For some surveys, offering an incentive of some kind is essential. The jury is out if this is a good strategy for running events. If you offer a discounted registration for next year, you run the risk of not getting feedback from those people who did not have a good experience and are not planning on coming back. These are some of the people you most want to hear from, so an incentive may actually discourage these folks from participating. If you promise not to waste people's time and develop your survey using the strategies outlined in this article, you should get a solid mix of responses without an incentive.

The timing of when to send out your post-race survey is key. Industry numbers suggest that 24-72 hours after an event is the ideal window of time. The respondents' experience is fresh in their mind. Mondays also seem to be the best day to have your participants receive the survey. This should be ideal for most races since most events like these take place over the weekend, and a Monday delivery is well within the 72-hour time frame. Using our built-in email marketing functionality makes it a breeze to quickly send your survey to all of your participants.
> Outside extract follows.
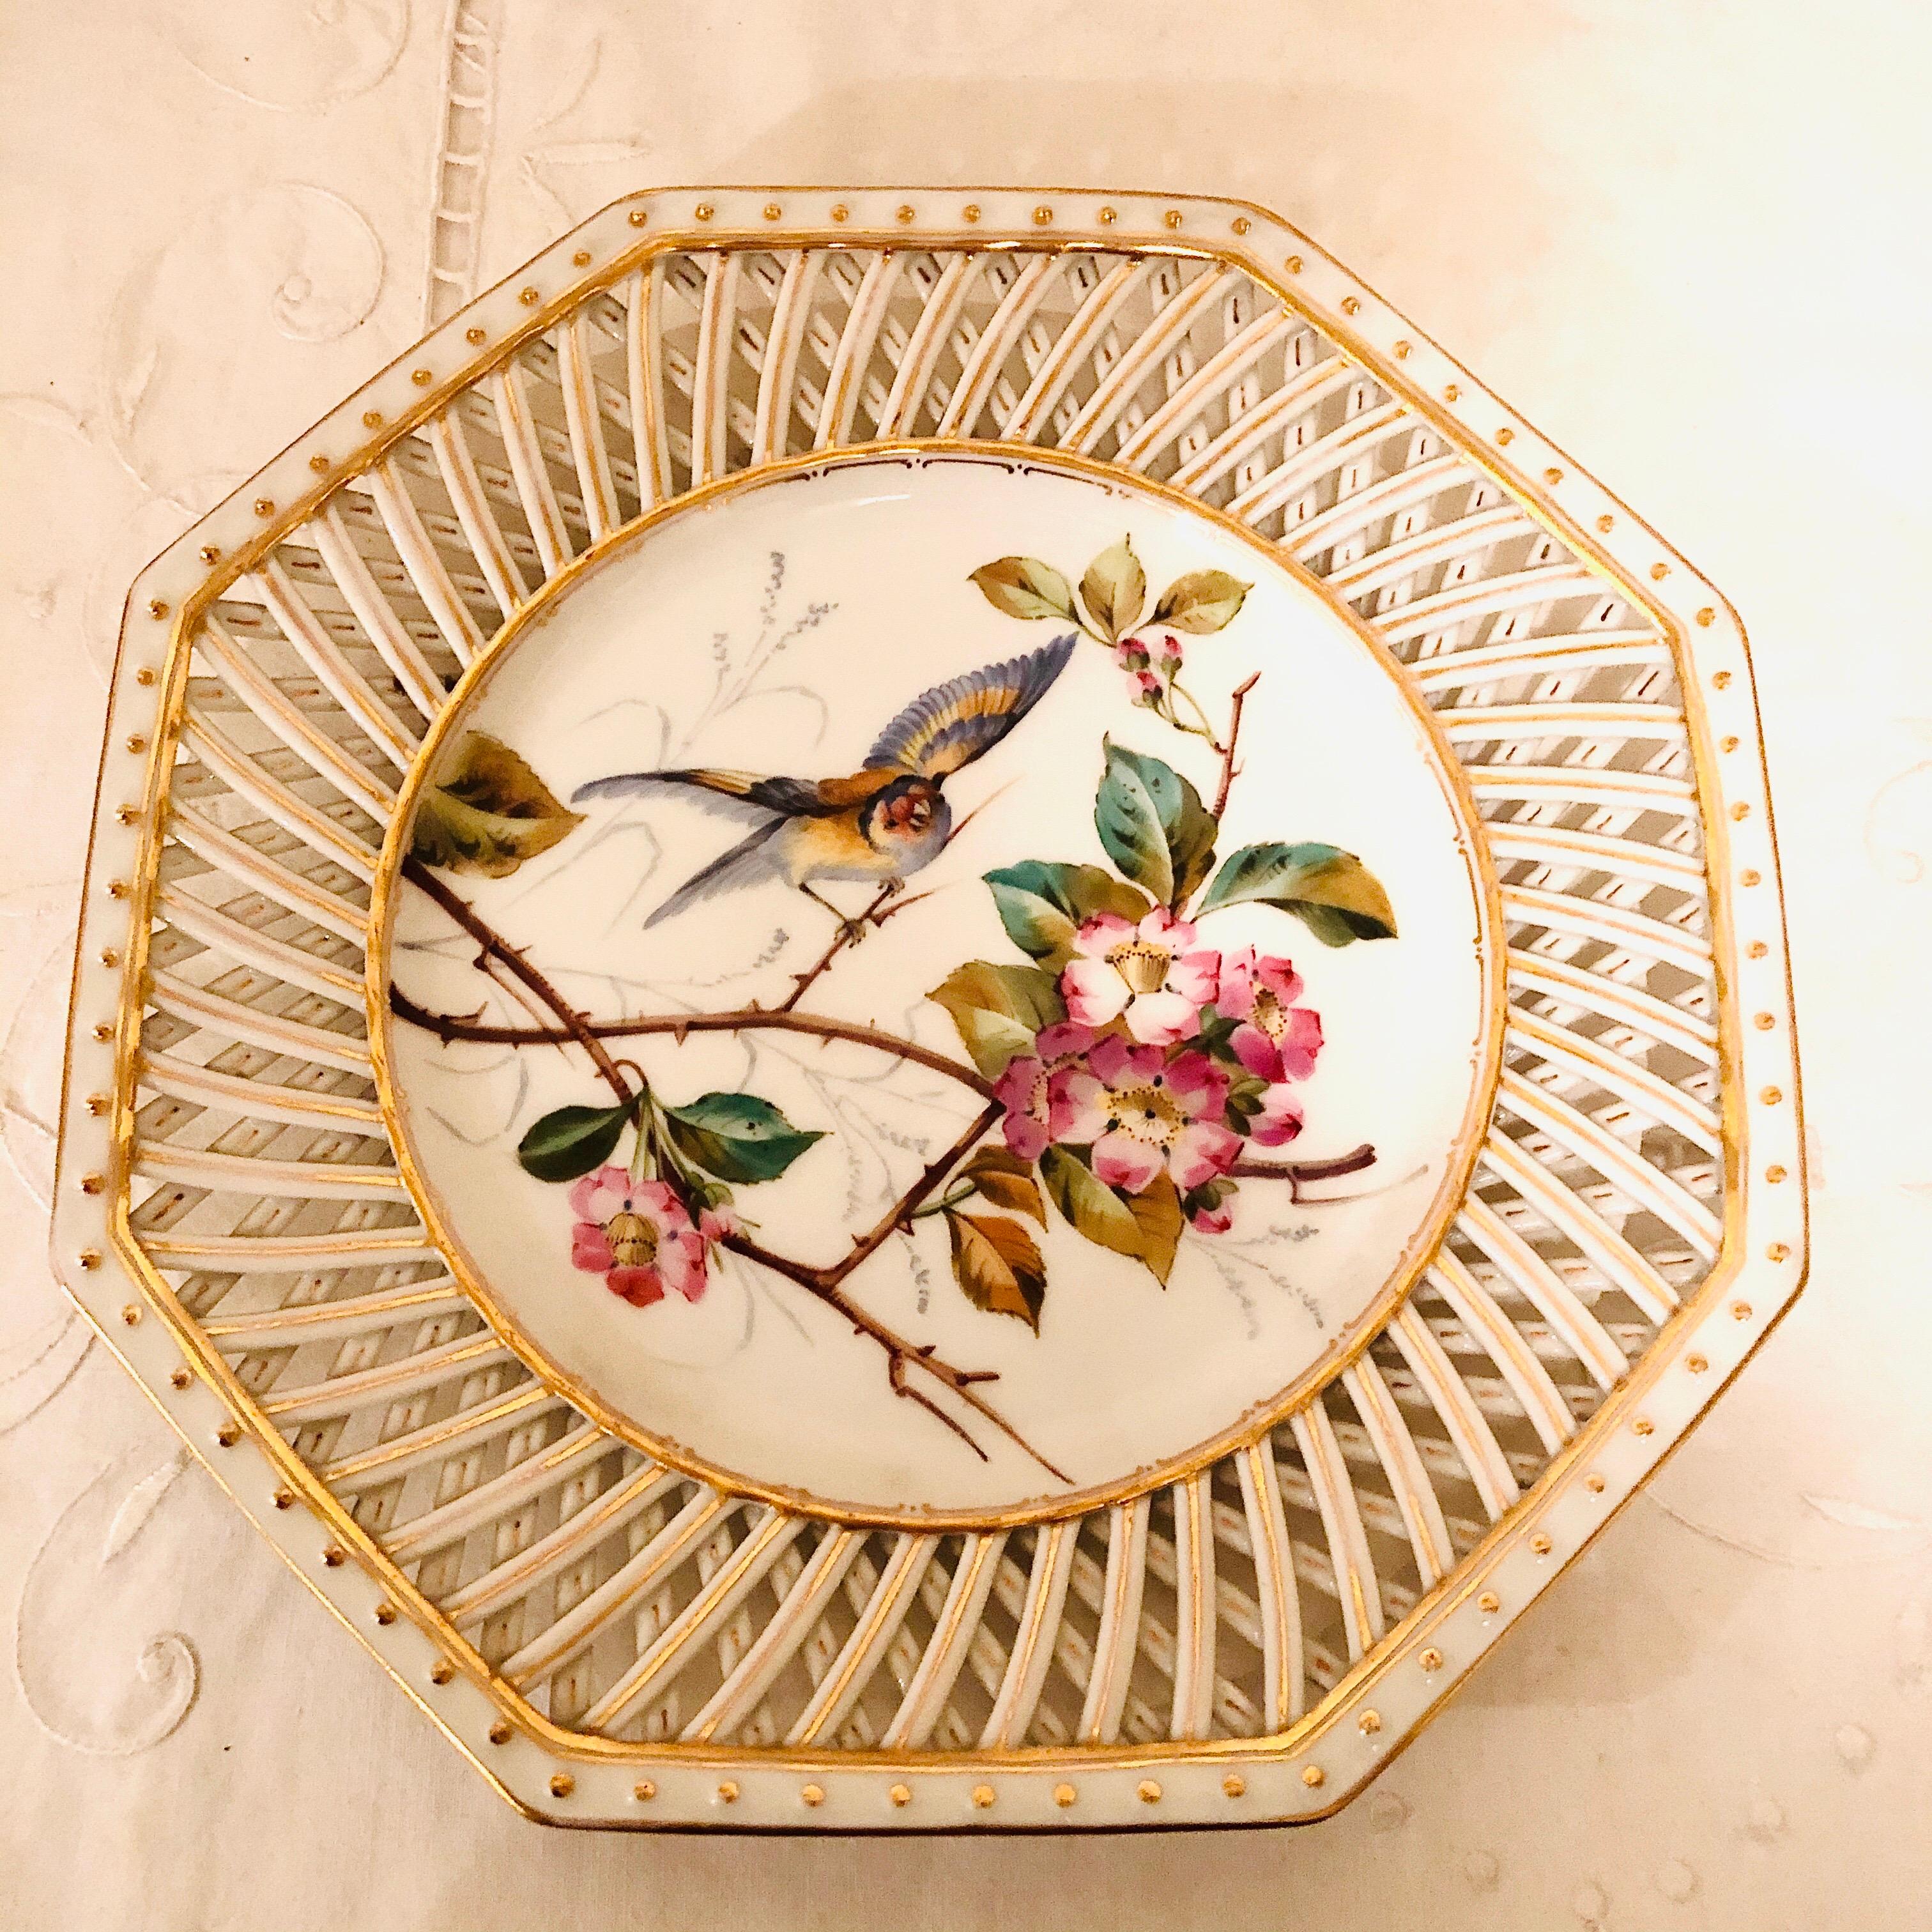 Late 19th Century Set of Twelve Pirkenhammer Reticulated Bird Plates Each Painted Differently

Many people do not do this, but be sure and share the key results of your survey and the actions you are taking as a direct result of their feedback. That will demonstrate to your customers that you are listening, and that they will not want to miss the bigger and better version of your event next year. If there are some ideas a large number of people are asking for, and you do not act on them or implement them, be sure to explain that as well. Now you have created more of a two-way communication with your participants, and they in turn will feel more invested in your event.

Hopefully these tips will help you get the feedback you need to keep creating continuous improvement for your events. Keep your eyes peeled for our survey soon. We promise not to waste your time and we will take your feedback to heart. Like you, at RaceDirector we are always trying to create the best experience for our customers.